COLLECTED DATA ▸
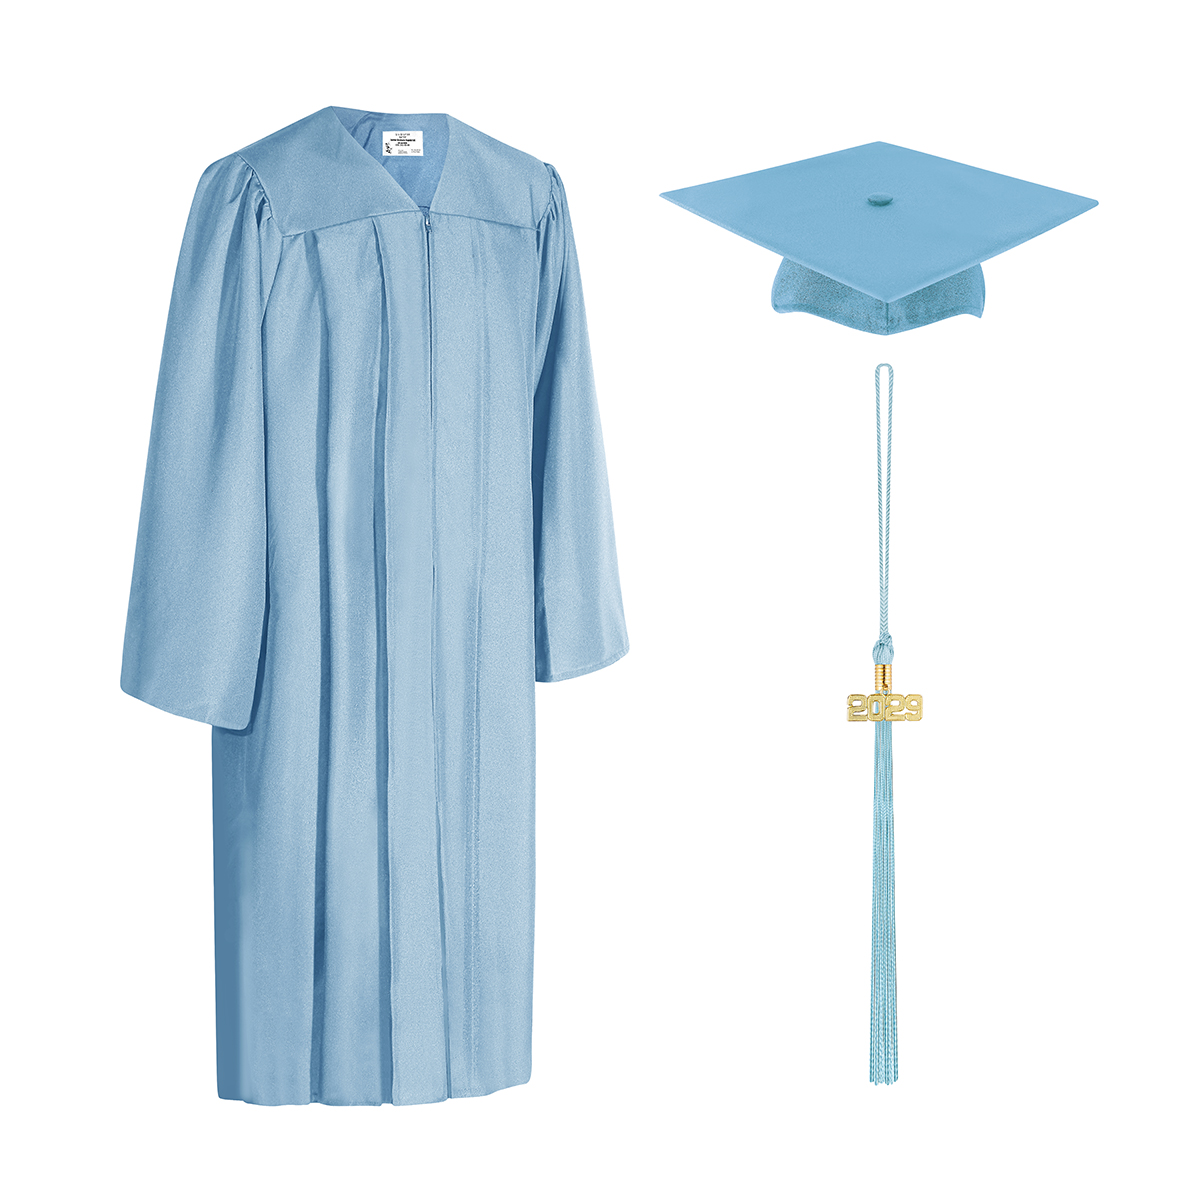 Graduation Gowns, Mortarboards, Tassels, Sashes & Supplies
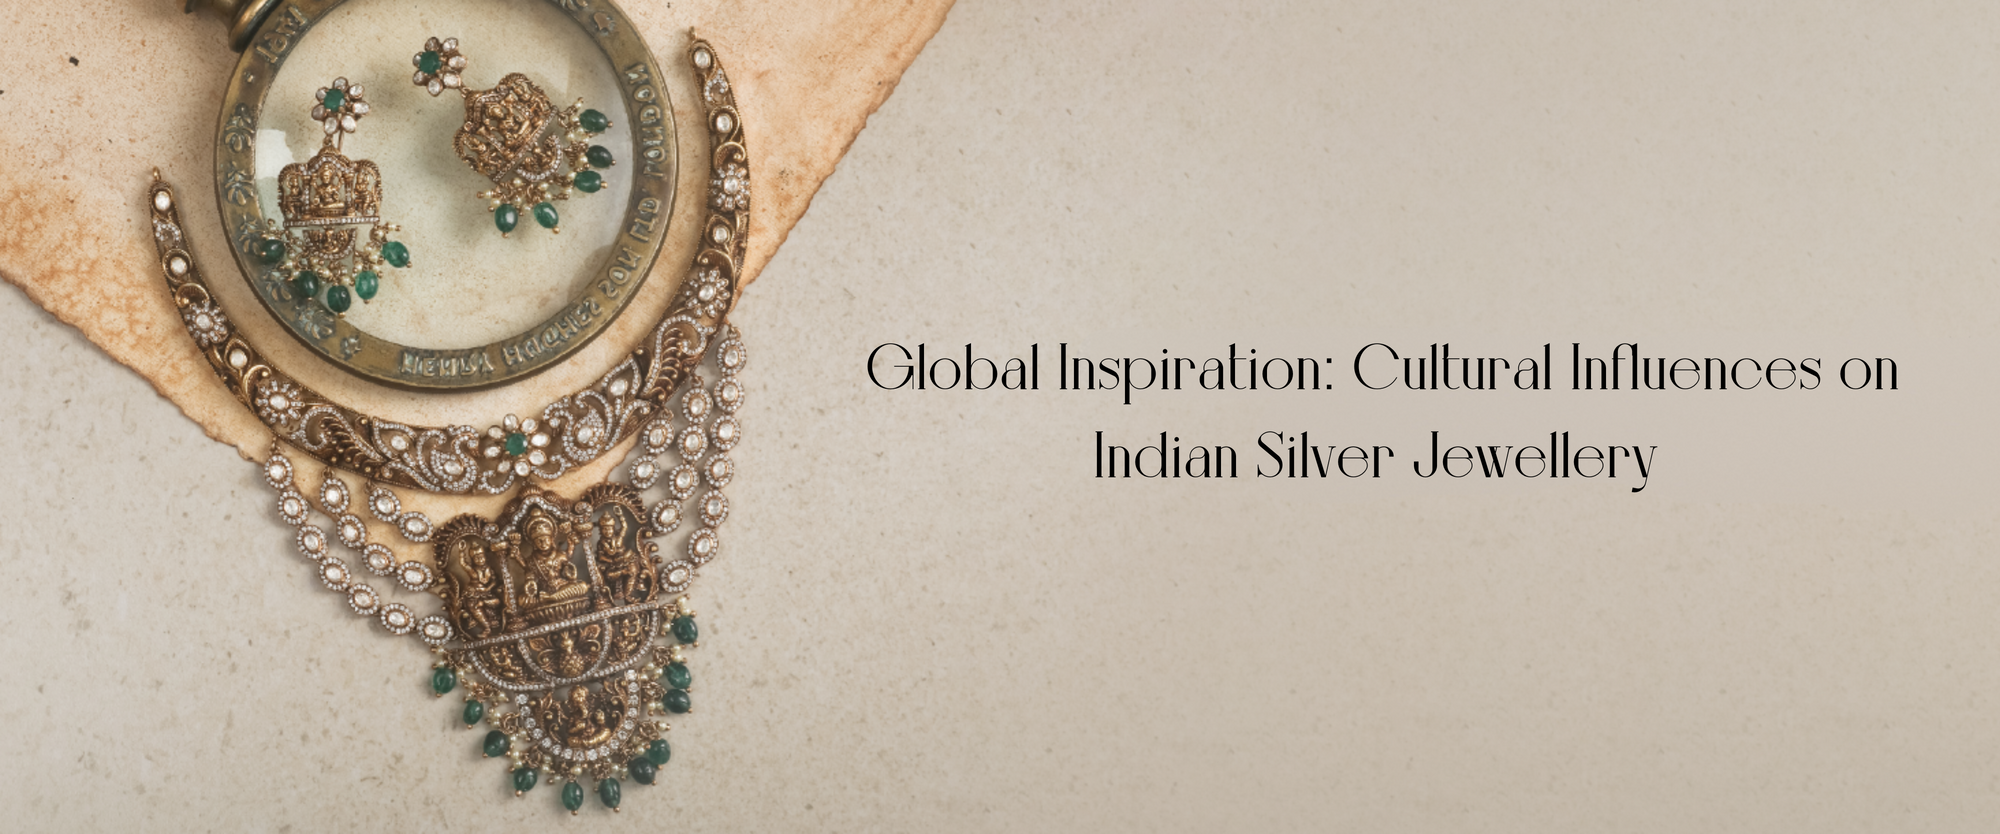 Global Inspiration: Cultural Influences on Indian Silver Jewellery
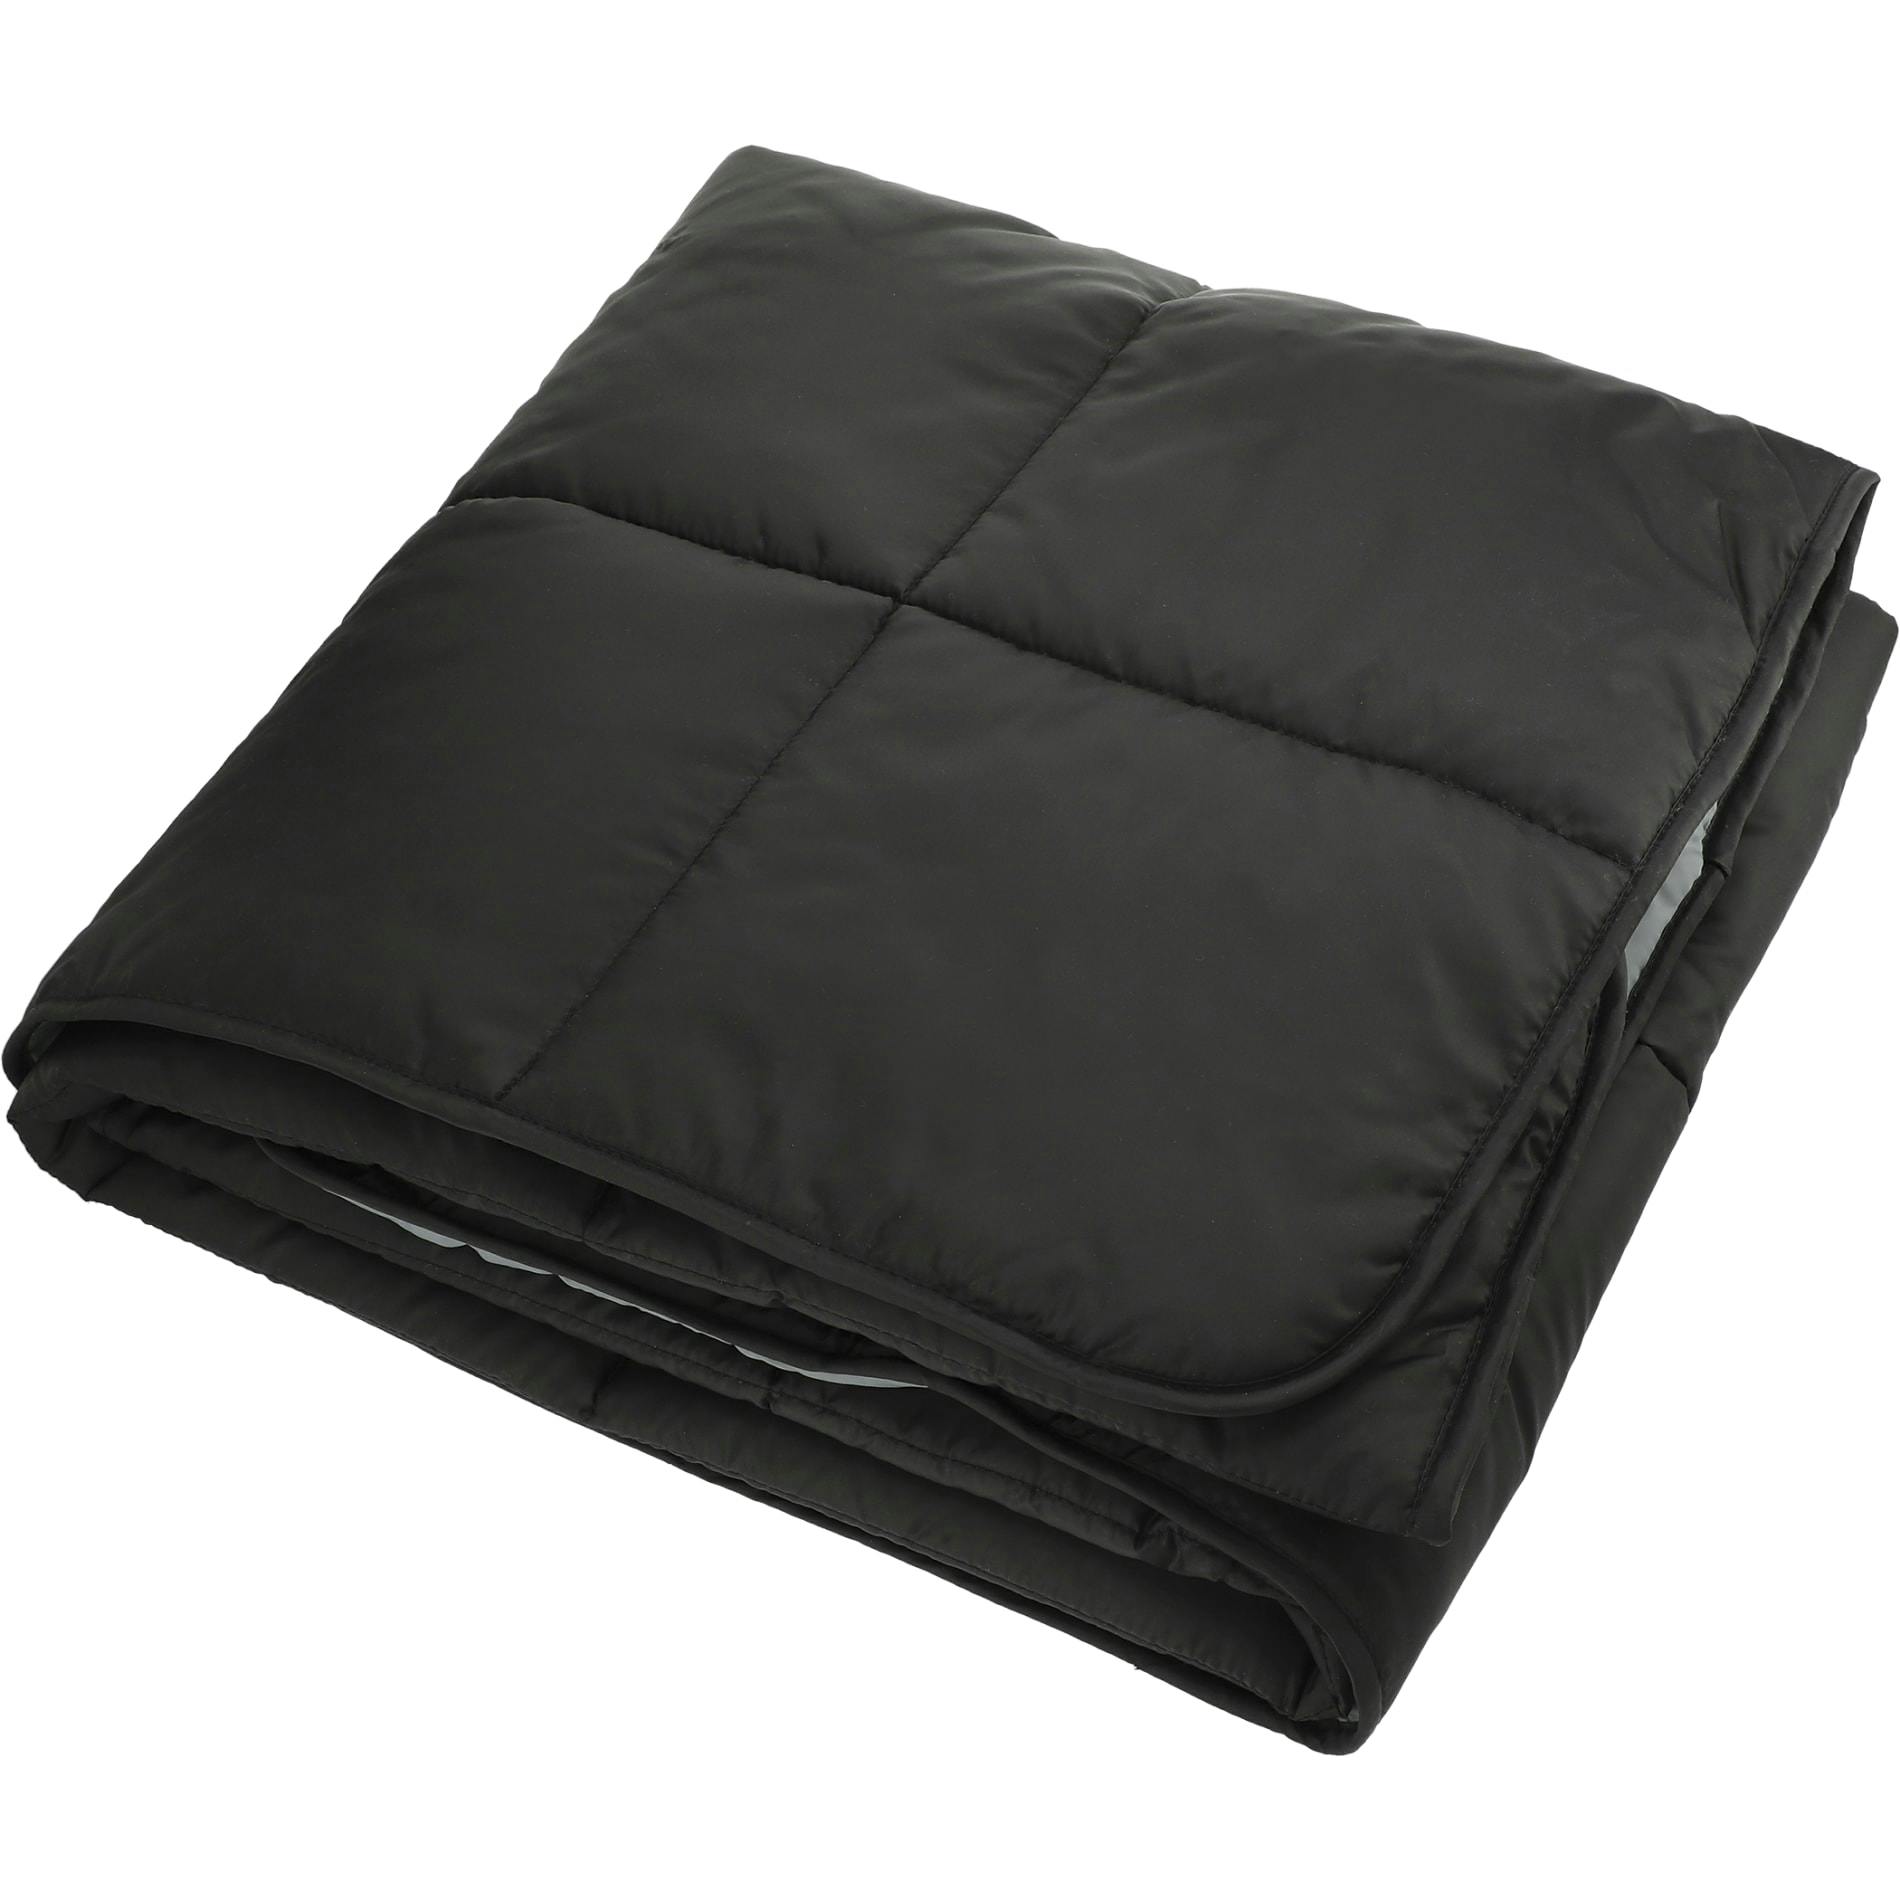 Puffy Outdoor Blanket - additional Image 1

ASSIGNMENT ▸ If the data includes images, skip them and copy every line exactly.

WRITTEN ANSWER ▸
 Graduation Gowns, Mortarboards, Tassels, Sashes & Supplies
 Global Inspiration: Cultural Influences on Indian Silver Jewellery
 Puffy Outdoor Blanket - additional Image 1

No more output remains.